The hot melt adhesive composition comprises a tackifying resin. The tackifying resin can be present in the hot melt adhesive composition at a content of 20 to 70 % by weight, and preferably from 25 to 60 % by weight, and even more preferably from 30 % to 50% by weight relative to the total weight of the hot melt adhesive composition. The tackifying resins or tackifiers which are used in the hot melt adhesives of the present invention are those which are compatible with the polymers. As used herein, the term "tackifying resin" or "tackifier ¹ ' include:

(a) Aliphatic and cycloaliphatic petroleum hydrocarbon resins having Ring and Ball softening points from 90°C to 160°C as determined by ASTM method E28-58T, the latter resins resulting from the polymerization of monomers consisting primarily of aliphatic and/or cycloaliphatic olefins and diolefins; also included are the hydrogenated aliphatic and cycloaliphatic petroleum hydrocarbon resins, examples of such commercially available resins based on a C5 olefin fraction of this type are Piccotac 95 tackifying resin sold by Hercules Corp, and Escorez 1310LC sold by ExxonMobil Chemical Company, or even C115W from Nanjing Yangzi Eastman Chemical;

(b) Aromatic petroleum hydrocarbon resins and the hydrogenated derivatives thereof;

(c) Aliphatic/aromatic petroleum derived hydrocarbon resins and the hydrogenated derivatives thereof;

(d) Aromatic modified cycloaliphatic resins and the hydrogenated derivatives thereof;

(e) Polyterpene resins having a softening point from 95°C to 140°C the latter polyterpene resins generally resulting from the polymerization of terpene hydrocarbons, such as the mono-terpene known as pinene, in the presence of Friedel-Crafts catalysts at moderately low temperatures; the hydrogenated polyterpene resins are also included;

(f) Copolymers and terpolymers of natural terpenes, e.g. styrene/terpene, a-methyl styrene/terpene and vinyl toluene/terpene;

(g) Natural and modified rosin such as, for example, gun rosin, wood rosin, tail-oil rosin, distilled rosin, hydrogenated rosin, dimerized rosin and polymerized rosin;

(h) Glycerol and pentaerythritol esters of natural and modified rosin, such as, for example, the glycerol ester of pale wood rosin, the glycerol ester of hydrogenated rosin, the glycerol ester of polymerized rosin, the pentaerythritol ester of pale wood rosin, the pentaerythritol ester of hydrogenated rosin, the pentaerythritol ester of tail-oil rosin, and the phenolic modified pentaerythritol ester of rosin;

(i) Phenolic-modified terpene resins such as for example, the resin product resulting from the condensation in an acidic medium of a terpene and a phenol;

(j) mixtures thereof. The tackifying resin may have a Ring and Ball softening point (measured by ASTM E28) of at least 90°C and preferably from 100°C to 130°C.
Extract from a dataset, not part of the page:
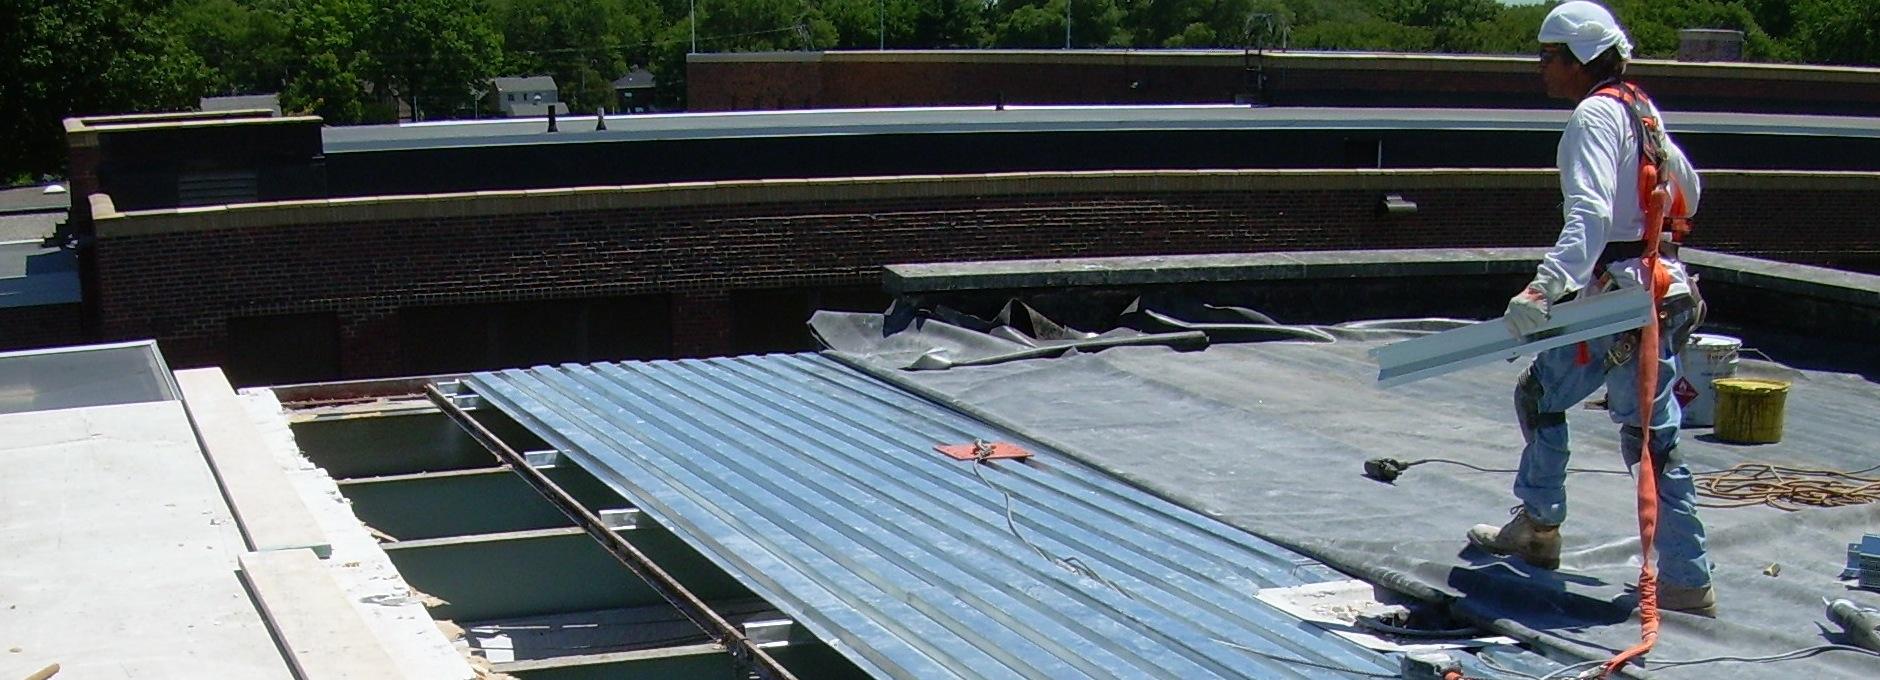 Commercial Roofing For The Ottawa Hills High School Near Toledo With Time and Budget To Spare

Preferably, the tackifier is selected from the hydrogenated resins.

Preferably, the tackifier is selected from the group consisting of:

(a) Aliphatic and cycloaliphatic petroleum hydrocarbon resins having Ring and Ball softening points from 90°C to 160°C as determined by ASTM method E28-58T, the latter resins resulting from the polymerization of monomers consisting primarily of aliphatic and/or cycloaliphatic olefins and diolefins; also included are the hydrogenated aliphatic and cycloaliphatic petroleum hydrocarbon resins, examples of such commercially available resins based on a C5 olefin fraction of this type are Piccotac 95 tackifying resin sold by Hercules Corp, and Escorez 1310LC sold by ExxonMobil Chemical Company;

(b) Aromatic petroleum hydrocarbon resins and the hydrogenated derivatives thereof;

(c) Aliphatic/aromatic petroleum derived hydrocarbon resins and the hydrogenated derivatives thereof.
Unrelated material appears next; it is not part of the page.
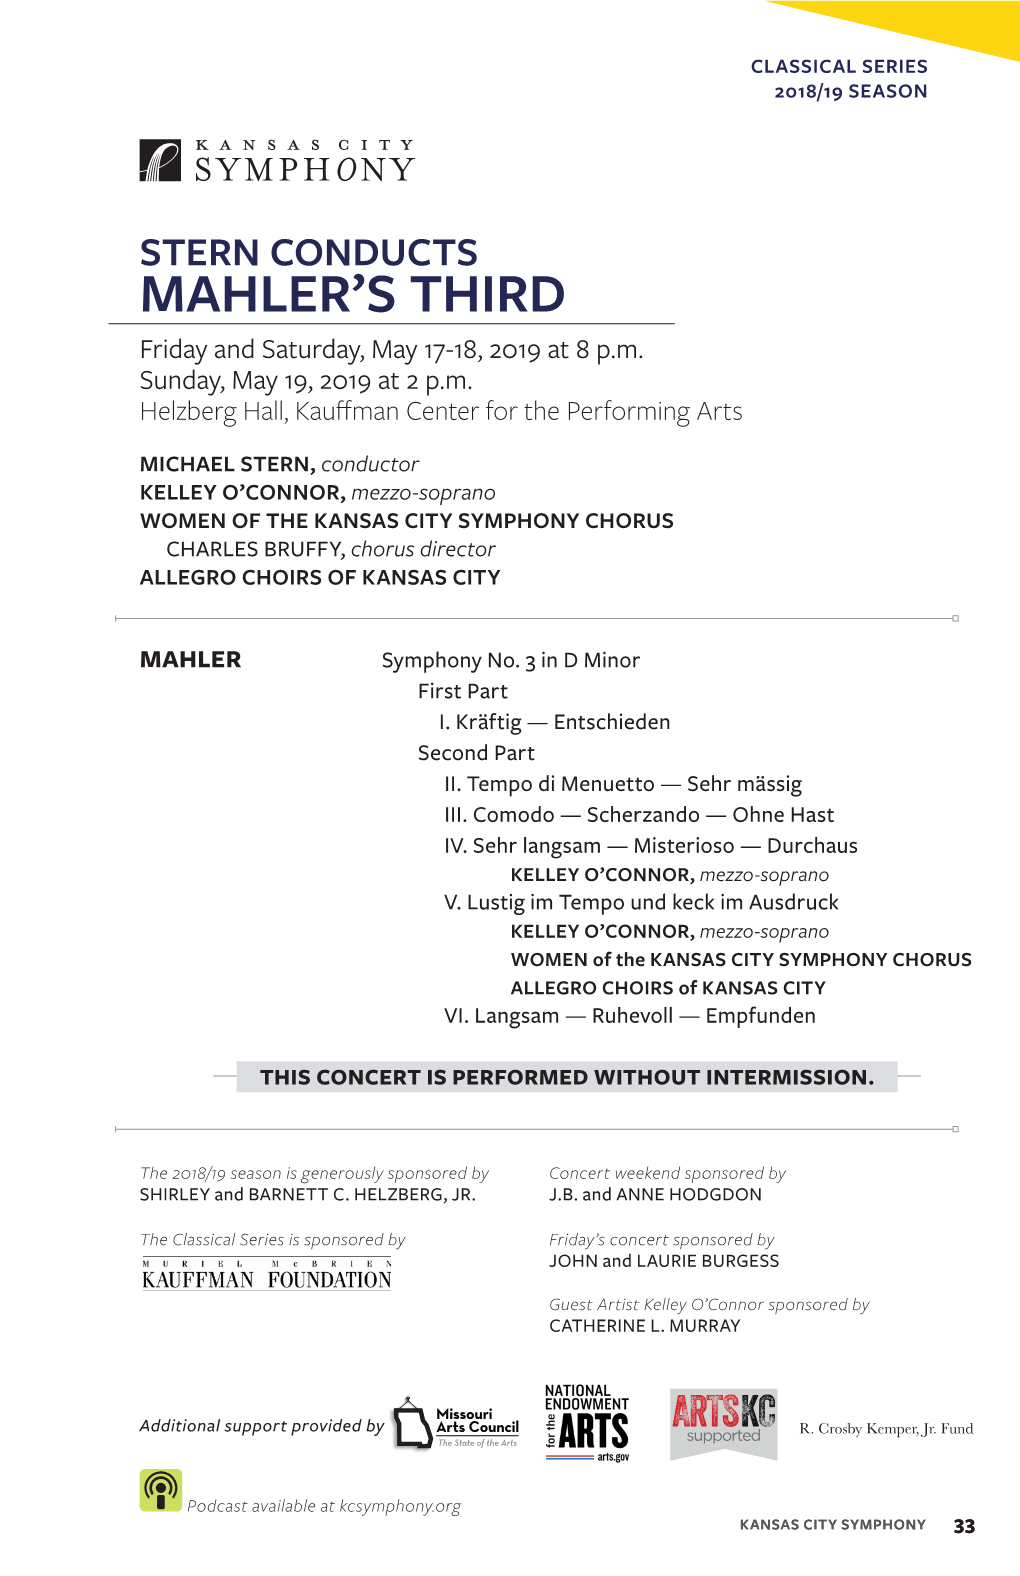 Stern Conducts Mahler's Third

In a preferred embodiment, the tackifier is selected from the a) aliphatic and cycloaliphatic petroleum hydrocarbon resins having Ring and Ball softening points from 90°C to 160°C, and their hydrogenated derivatives.

In a preferred embodiment, the tackifier is not an acid-modified tackifier.

In a preferred embodiment, the hot melt adhesive composition does not comprise acid- modified tackifier.

By “acid-modified tackifier” is meant a tackifier modified by carboxylic acid, carboxylic acid anhydride, carboxylic acid ester, or mixtures thereof. Example of acid-modified tackifier is a tackifier modified by maleic acid or maleic anhydride.

The hot melt adhesive composition may comprise one or more additional components. Such additional components can be selected from the group consisting of plasticizer, wax, stabilizer, inert colorant, filler, surfactant, other types of polymers, crosslinking agent, nucleating agent, reactive compound, fire-retardant mineral or organic agent, ultraviolet (UV) or infrared (IR) light absorbing agent, UV or IR fluorescing agents, and mixtures thereof.

Typical fillers include talc, calcium carbonate, clay, silica, mica, wollastonite, feldspar, aluminum silicate, alumina, hydrated alumina, glass microspheres, ceramic microspheres, thermoplastic microspheres, baryte and wood flour. A plasticizer is preferably present in the hot melt adhesive composition. More particularly, a solid or liquid plasticizer can be present in the composition of the present invention.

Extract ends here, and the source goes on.